** DATA SECTION follows **
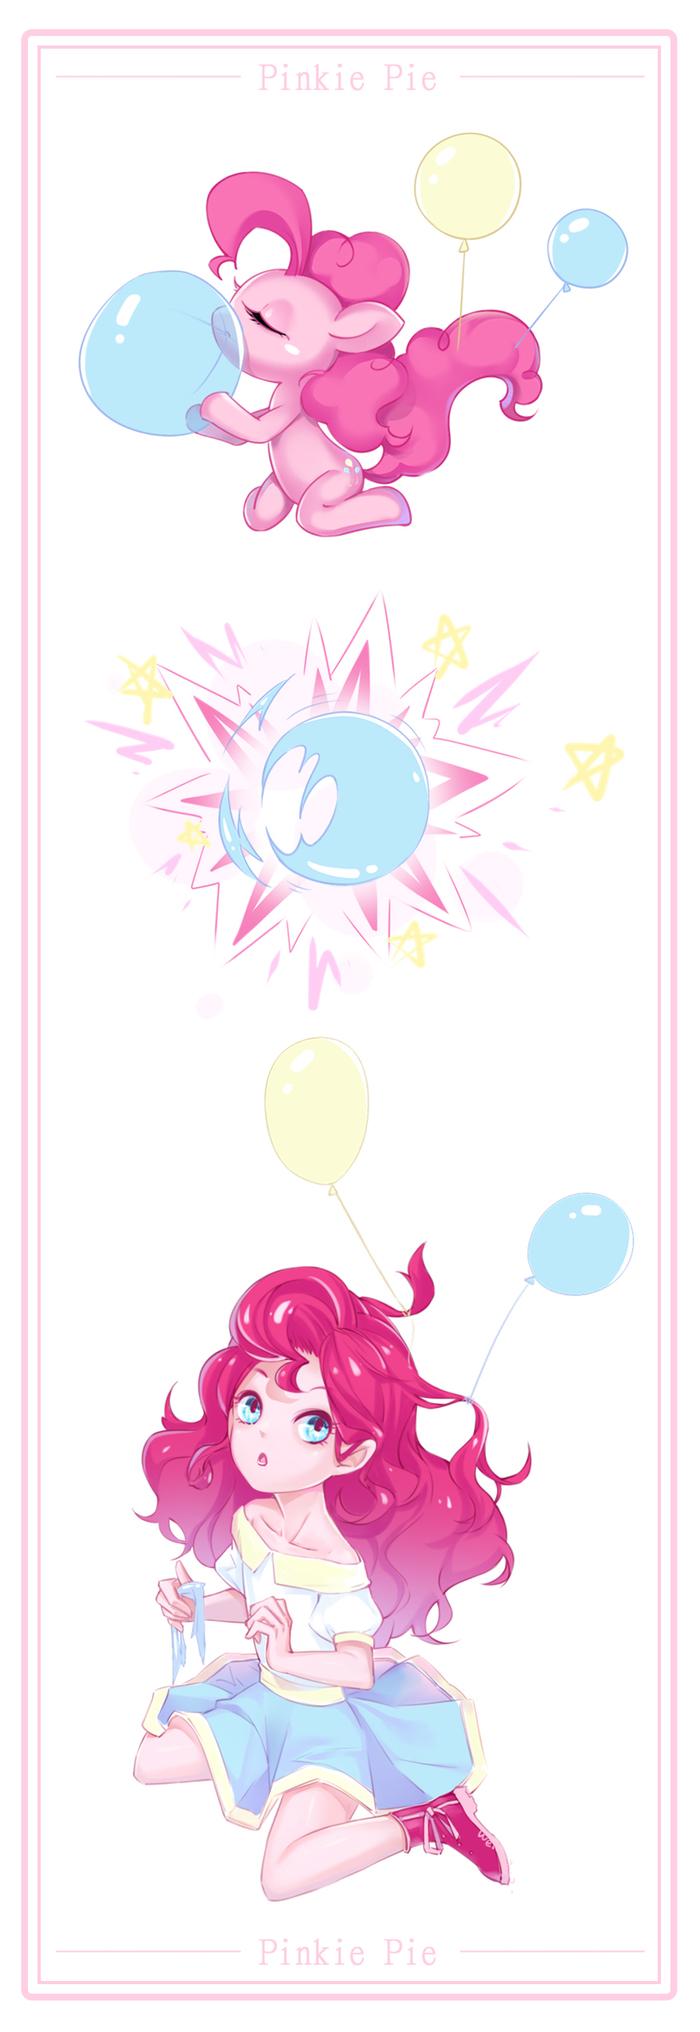 Пуфф My Little Pony, Pinkie Pie, Хуманизация, Spooo, Длиннопост
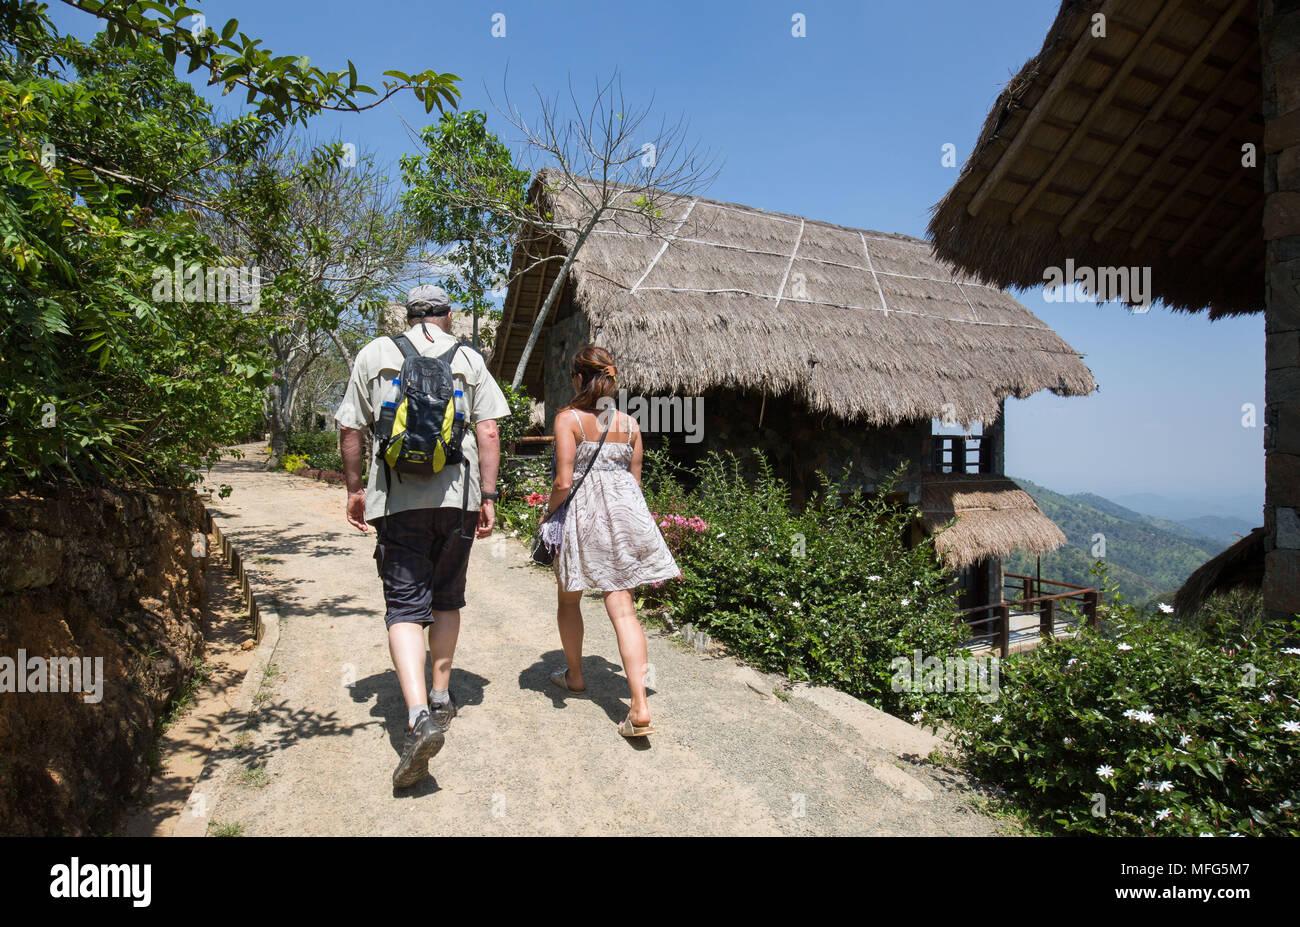 Touristen zu Fuß zu Ihren in der 98 Hektar großen Resort und Spa in Ella, Sri Lanka Lodge Stockbild
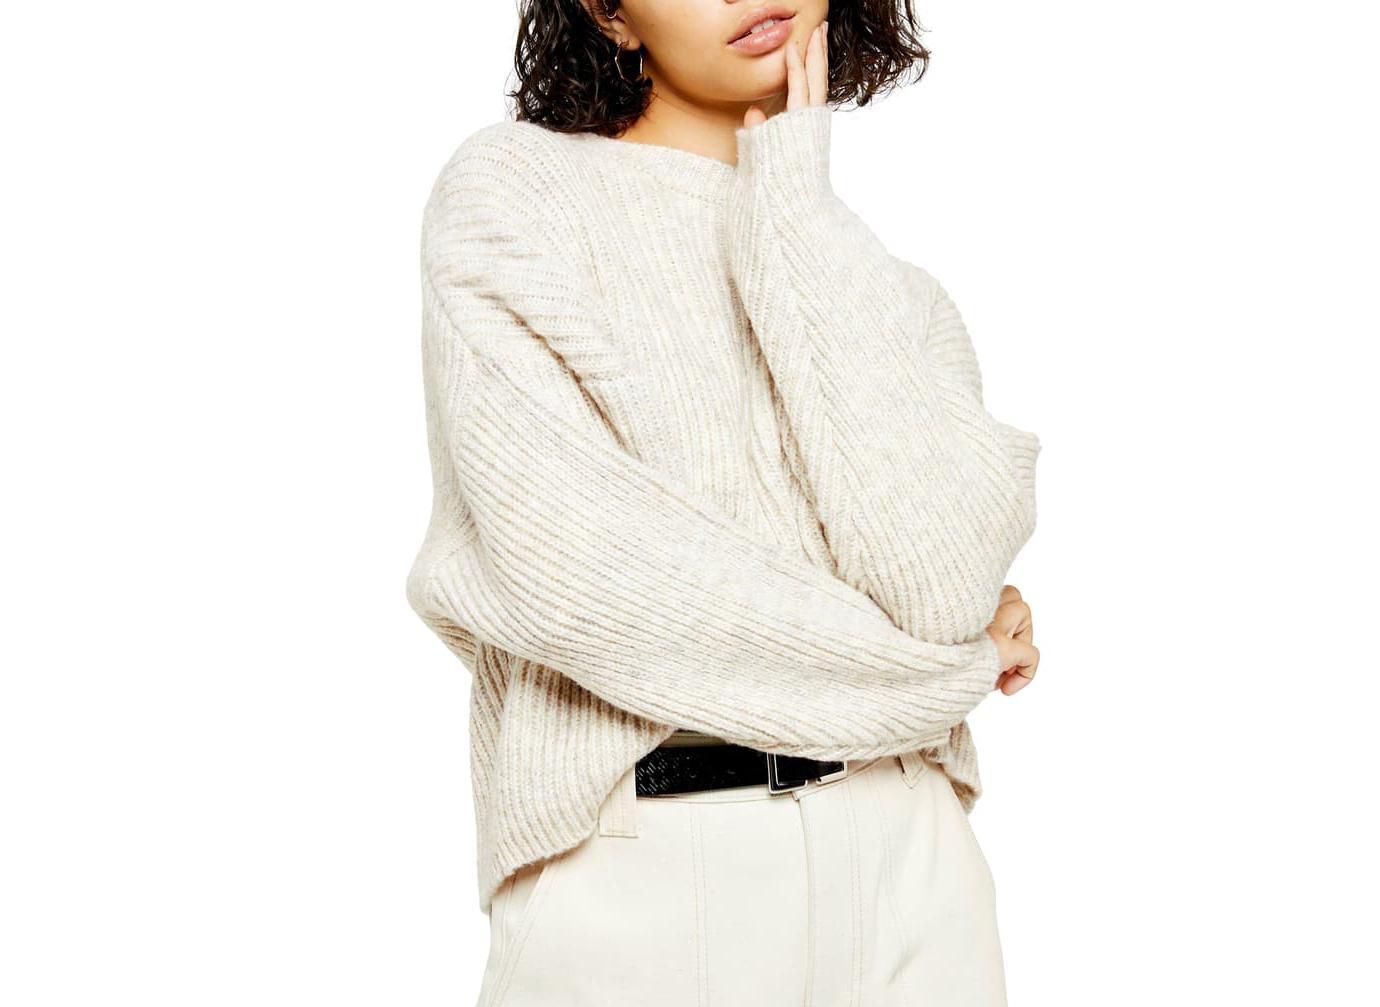 Topshop Crewneck Sweater
** End of DATA SECTION **
ASSIGNMENT:
What is needed is an exact reproduction of the data, pictures excluded.

RESPONSE TO THIS EXERCISE:
 Пуфф My Little Pony, Pinkie Pie, Хуманизация, Spooo, Длиннопост
 Touristen zu Fuß zu Ihren in der 98 Hektar großen Resort und Spa in Ella, Sri Lanka Lodge Stockbild
 Topshop Crewneck Sweater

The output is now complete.